1.1.4 Grades No. 5 (Light), No. 5 (Heavy), and No. 6 are residual fuels of increasing viscosity and boiling range, used in industrial burners. Preheating is usually required for handling and proper atomization.  
Note 1: For information on the significance of the terminology and test methods used in this specification, see Appendix X1.
Note 2: A more detailed description of the grades of fuel oils is given in X1.3.  
1.2 This specification is for the use of purchasing agencies in formulating specifications to be included in contracts for purchases of fuel oils and for the guidance of consumers of fuel oils in the selection of the grades most suitable for their needs.  
1.3 Nothing in this specification shall preclude observance of federal, state, or local regulations which can be more restrictive.  
1.4 The values stated in SI units are to be regarded as standard.  
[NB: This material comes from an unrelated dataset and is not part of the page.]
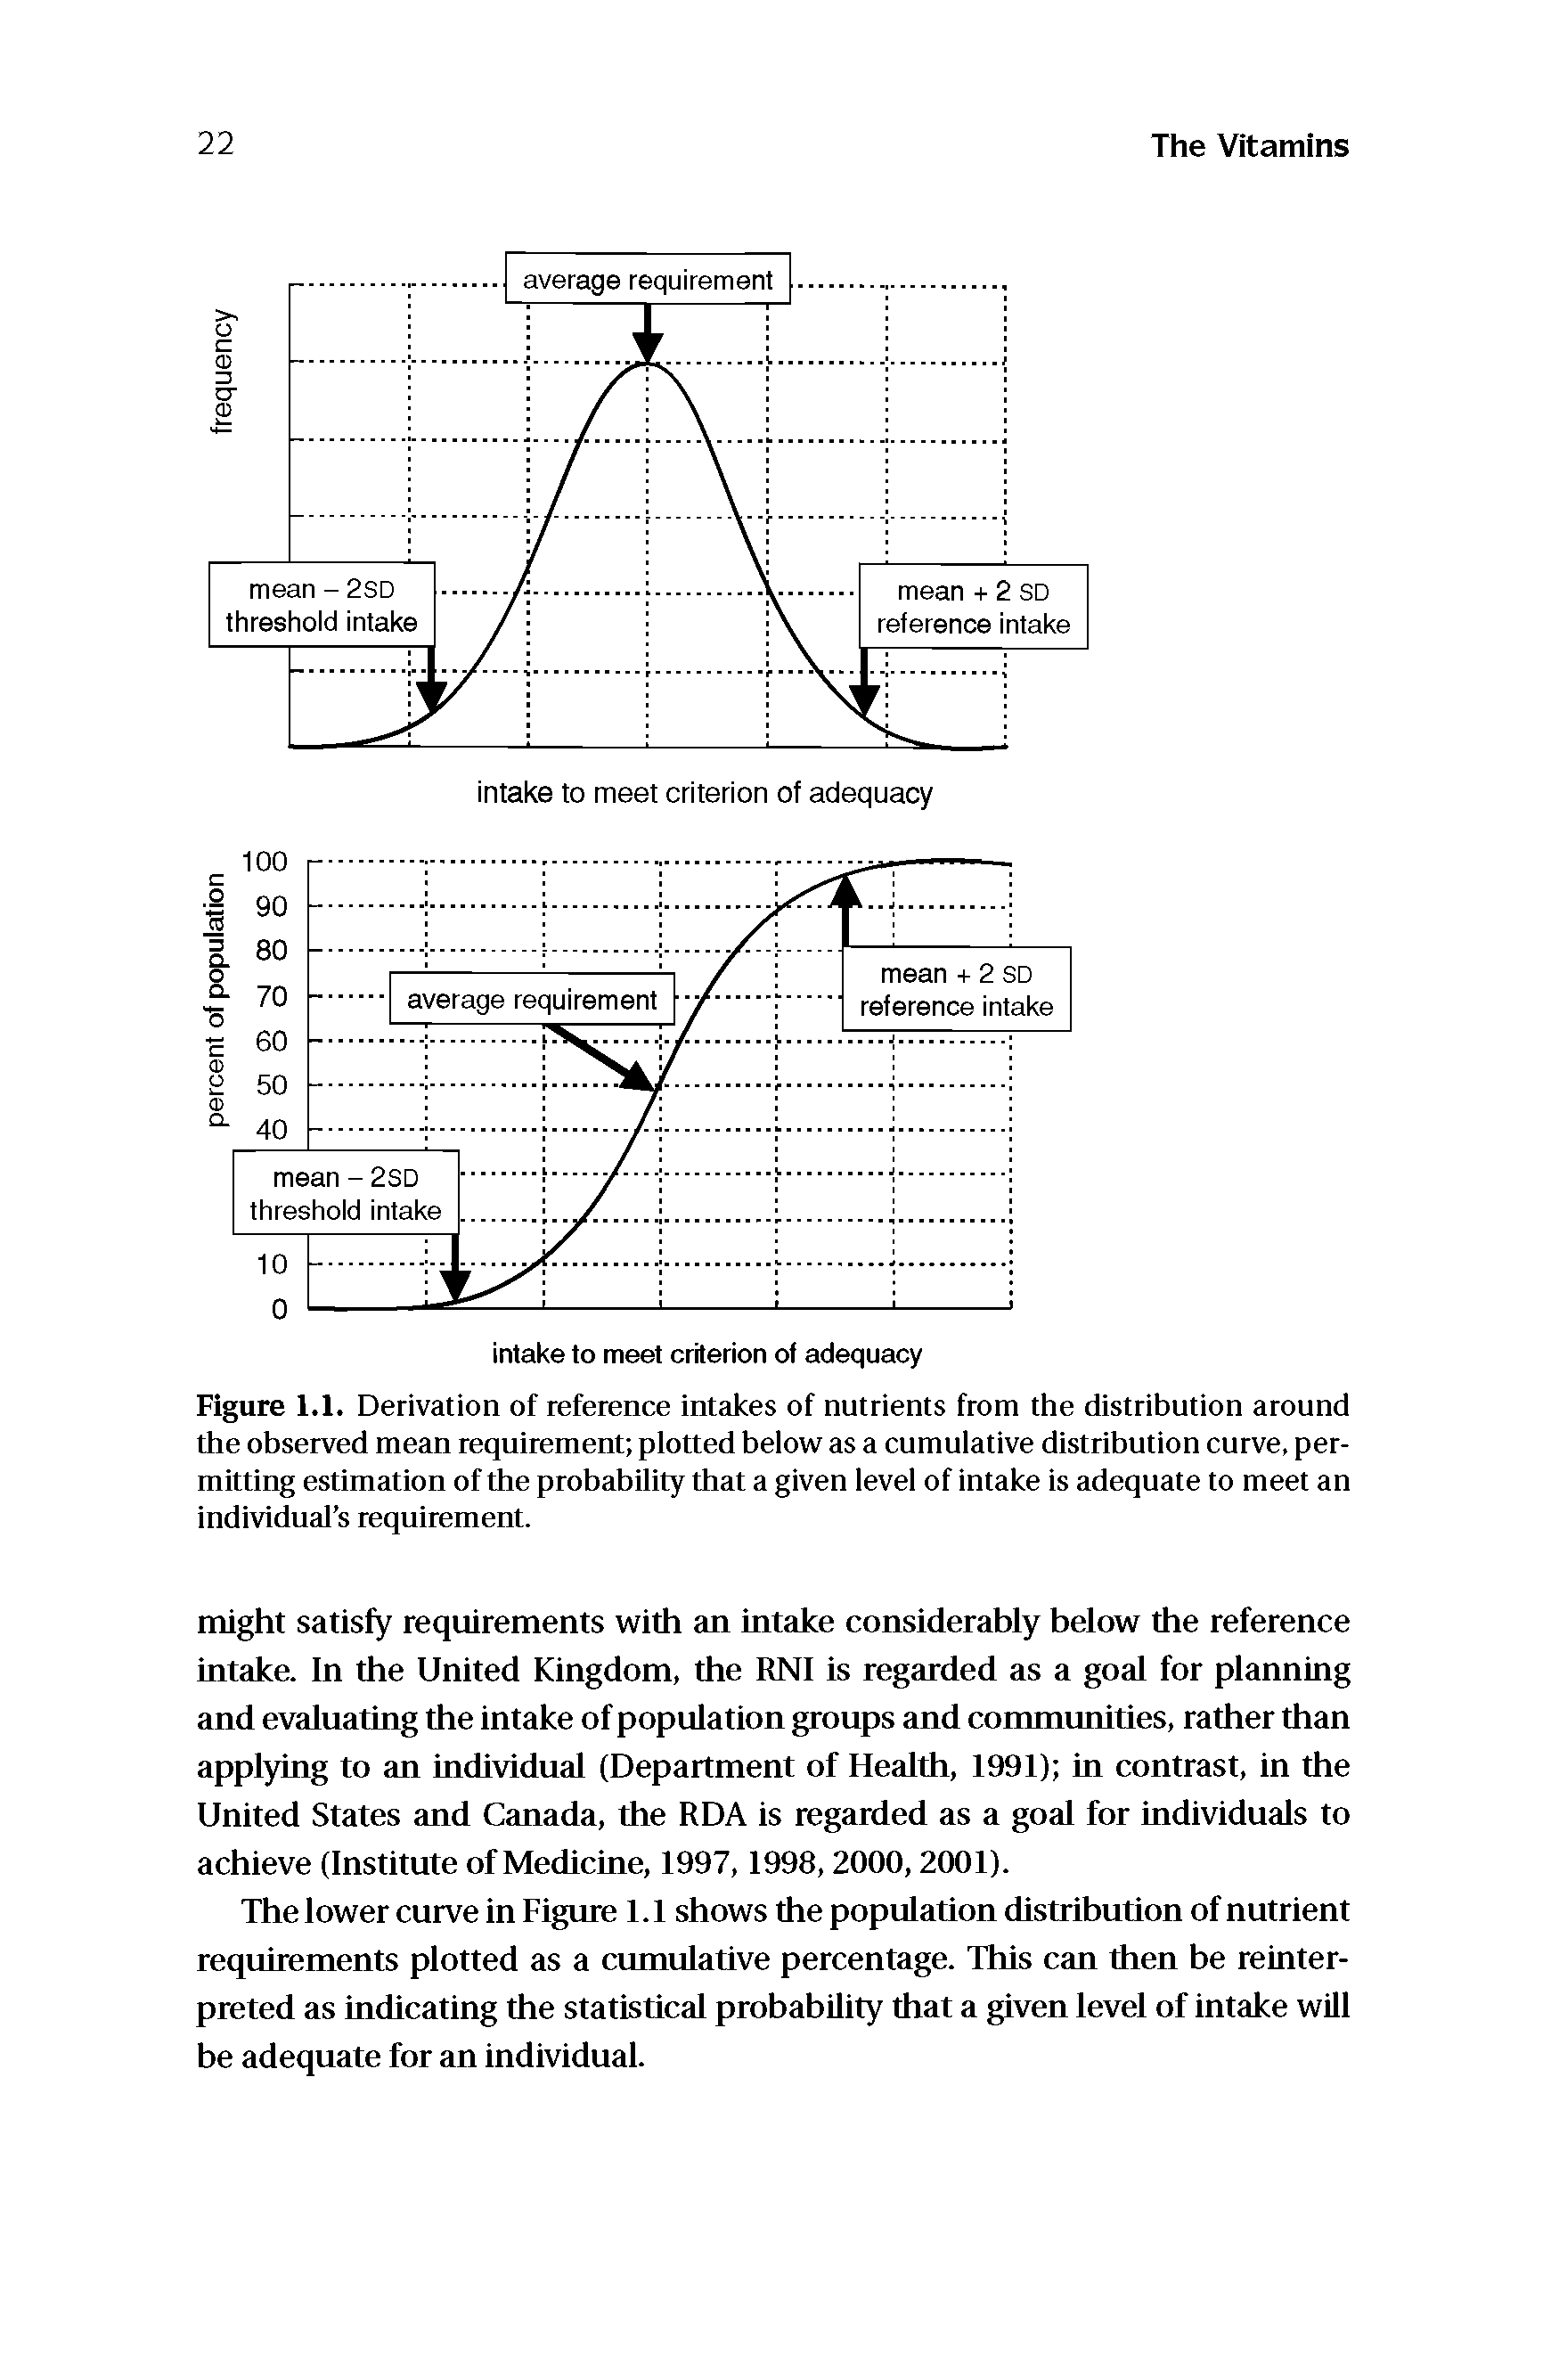 Figure 1.1. Derivation of reference intakes of nutrients from the distribution around the observed mean requirement plotted below as a cumulative distribution curve, permitting estimation of the probability that a given level of intake is adequate to meet an individual s requirement.

1.4.1 Non-SI units are provided in Table 1 and Table 2 and in 7.1.2.1/7.1.2.2 because these are common units used in the industry.
Note 3: The generation and dissipation of static electricity can create problems in the handling of distillate burner fuel oils. For more information on the subject, see Guide D4865.  
1.5 This international standard was developed in accordance with internationally recognized principles on standardization established in the Decision on Principles for the Development of International Standards, Guides and Recommendations issued by the World Trade Organization Technical Barriers to Trade (TBT) Committee.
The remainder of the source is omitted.